Daedalus Quartet
Acclaim
Daedalus Quartet wields unique voice on Cleveland CMS appearance

Just because they’re composed of the same instruments doesn’t mean all string quartets sound the same. In fact, some sound radically different.

Consider the Daedalus Quartet, Tuesday’s guest of the Cleveland Chamber Music Society. Performing at Pilgrim Church in Shaker Heights, the players wielded a strikingly unique voice at the service of four works nearly as rare as their sound itself.

Possessed of a quiet not of this realm, the musicians – violinists Min-Young Kim and Matilda Kaul, violist Jessica Thompson, and cellist Thomas Kraines -- brought to their program incredible refinement and emotionality. Every note, it seemed, came packed with feeling, functioning in some small way as an element in a larger musical drama.

Their program, meanwhile, couldn’t have been more engaging. Stocked with early works by major and minor masters, the evening was as interesting on paper as it was in real life. Even their encore, a movement from Haydn’s obscure Op. 1 No. 3, was intriguing.

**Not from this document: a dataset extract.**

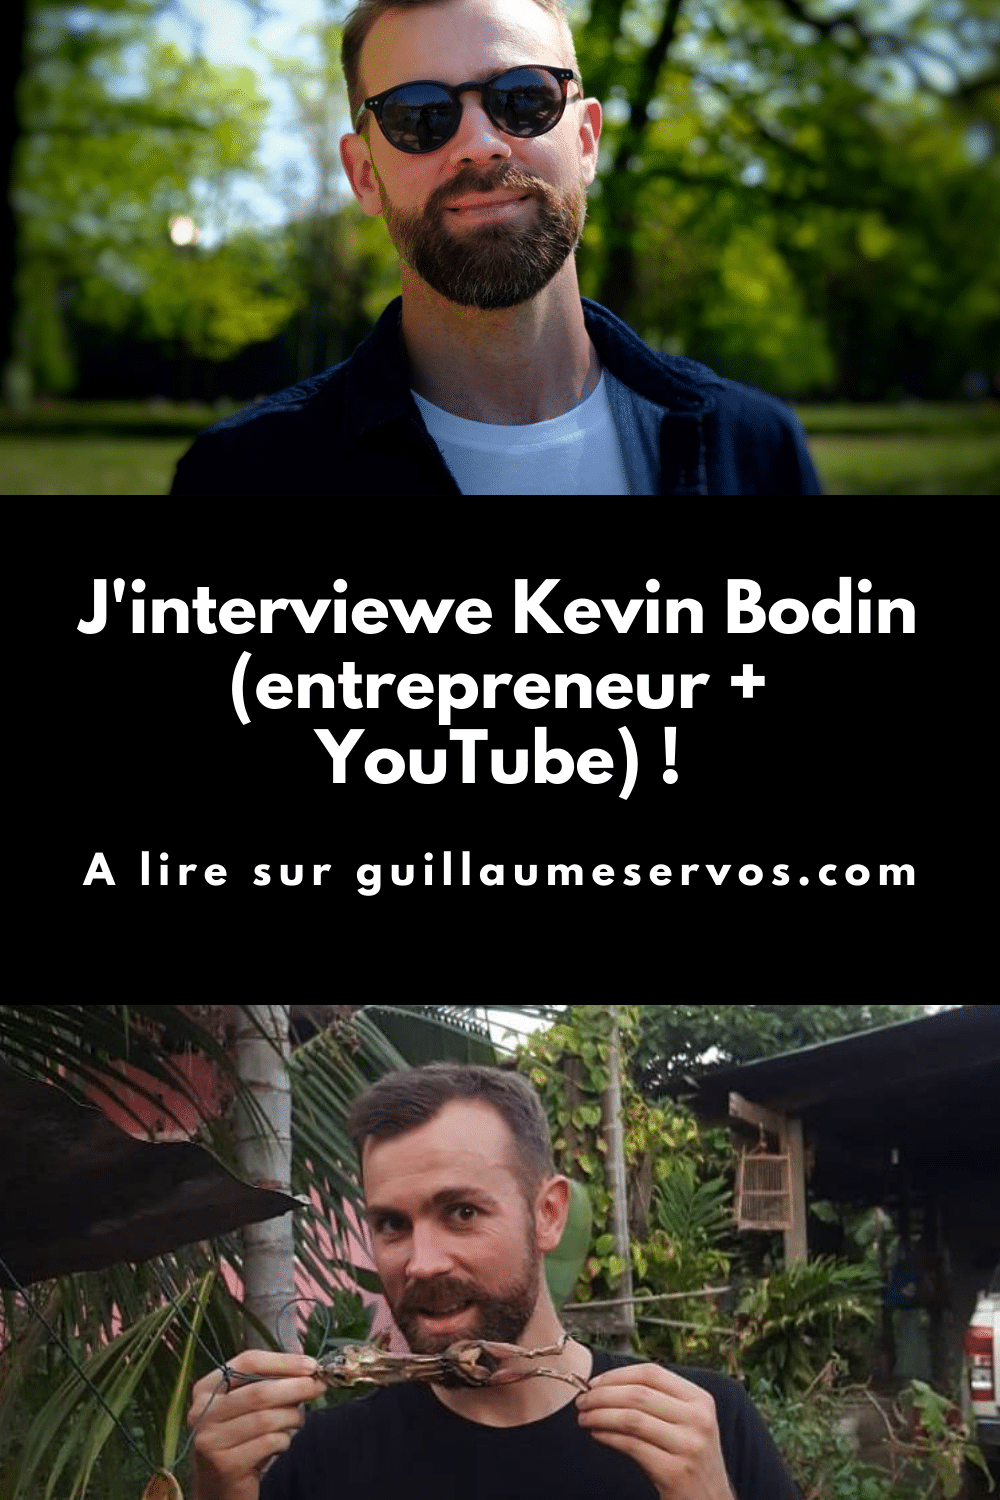 Découvre mon interview avec Kevin Bodin, entrepreneur et youtubeur. Au menu : son rapport à l'entrepreneuriat, à sa chaîne YouTube, aux réseaux sociaux et au voyage.

Britten’s String Quartet No. 1 was the standout, and not only because 2013 marks the composer’s centennial. In this work, completed in the U.S., Daedalus revealed the full, scintillating extent of its upper range, modeling ideals of purity and softness. Also part of the experience: unsettled calm, chased by bouts of angst and tenderness.

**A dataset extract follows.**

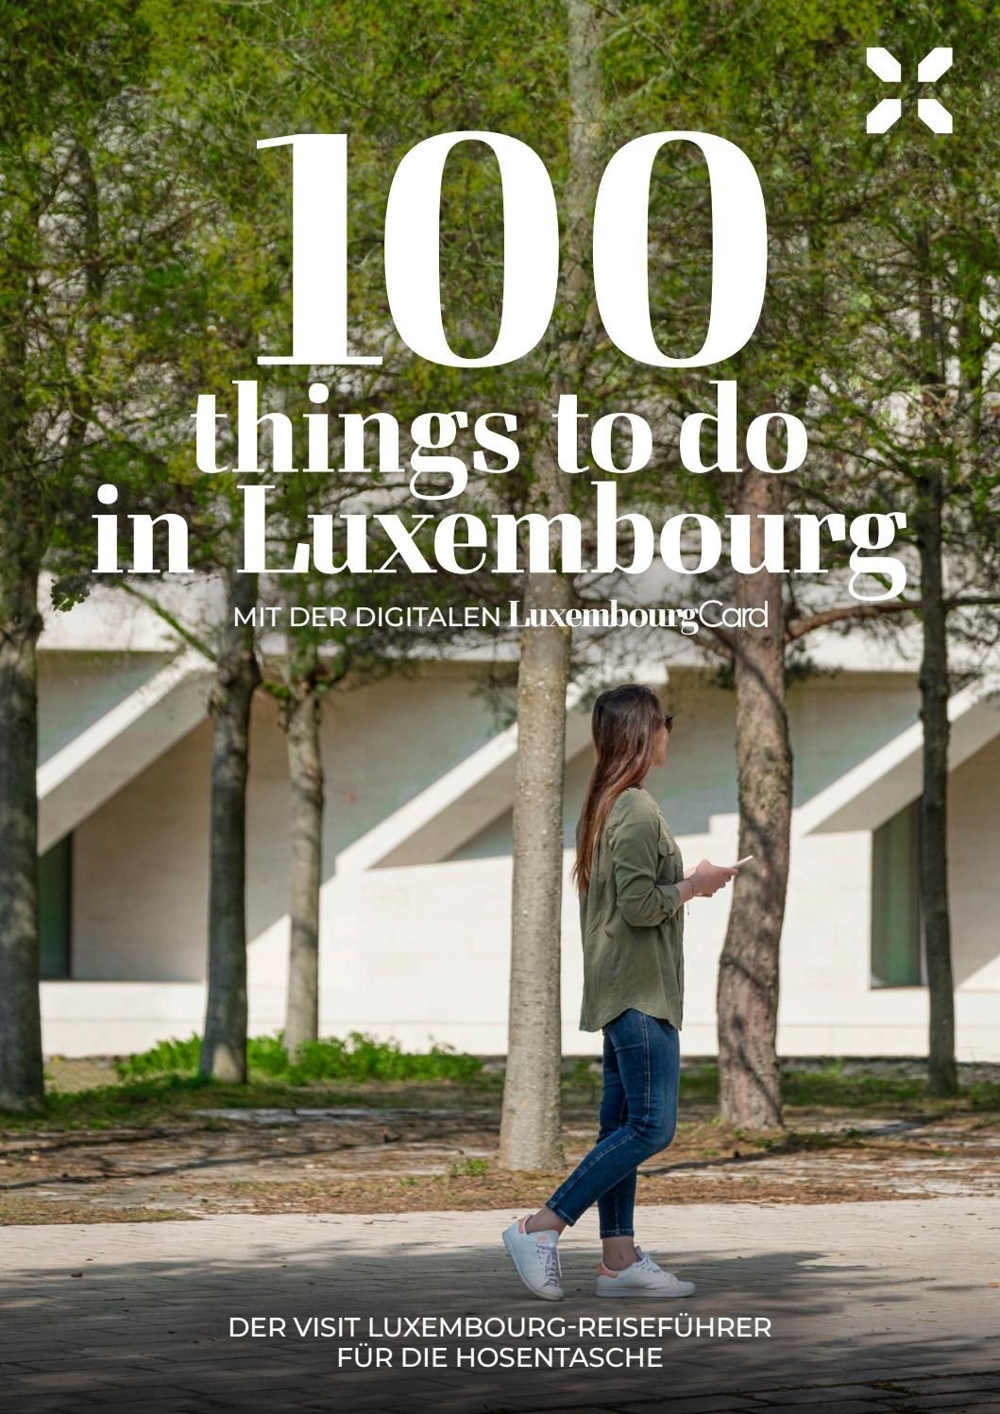 Luxemburg Reiseführer zu verschenken

One can’t quite call Schulhoff’s Five Pieces for String Quartet delightful. The miniatures playing off the national dances of five European countries are simply too dark, too maniacal for such a quaint label. And yet it’s hard to think of another word, so vital and zesty were the performances Tuesday.

Likewise, Perle’s “Molto Adagio” of 1938. Bleak and dirge-like in character, the music doesn’t enchant in any conventional manner. Still, enchant it most certainly did, between its spacious, meandering harmonies and the mesmerizing power of the Daedalus four, who recently recorded Perle’s second, fifth and eighth quartets.

Prefacing all of this and offering the first glimpse of the ensemble’s distinctive sound was Mendelssohn’s youthful String Quartet Op. 12, written at the ripe old age of 20.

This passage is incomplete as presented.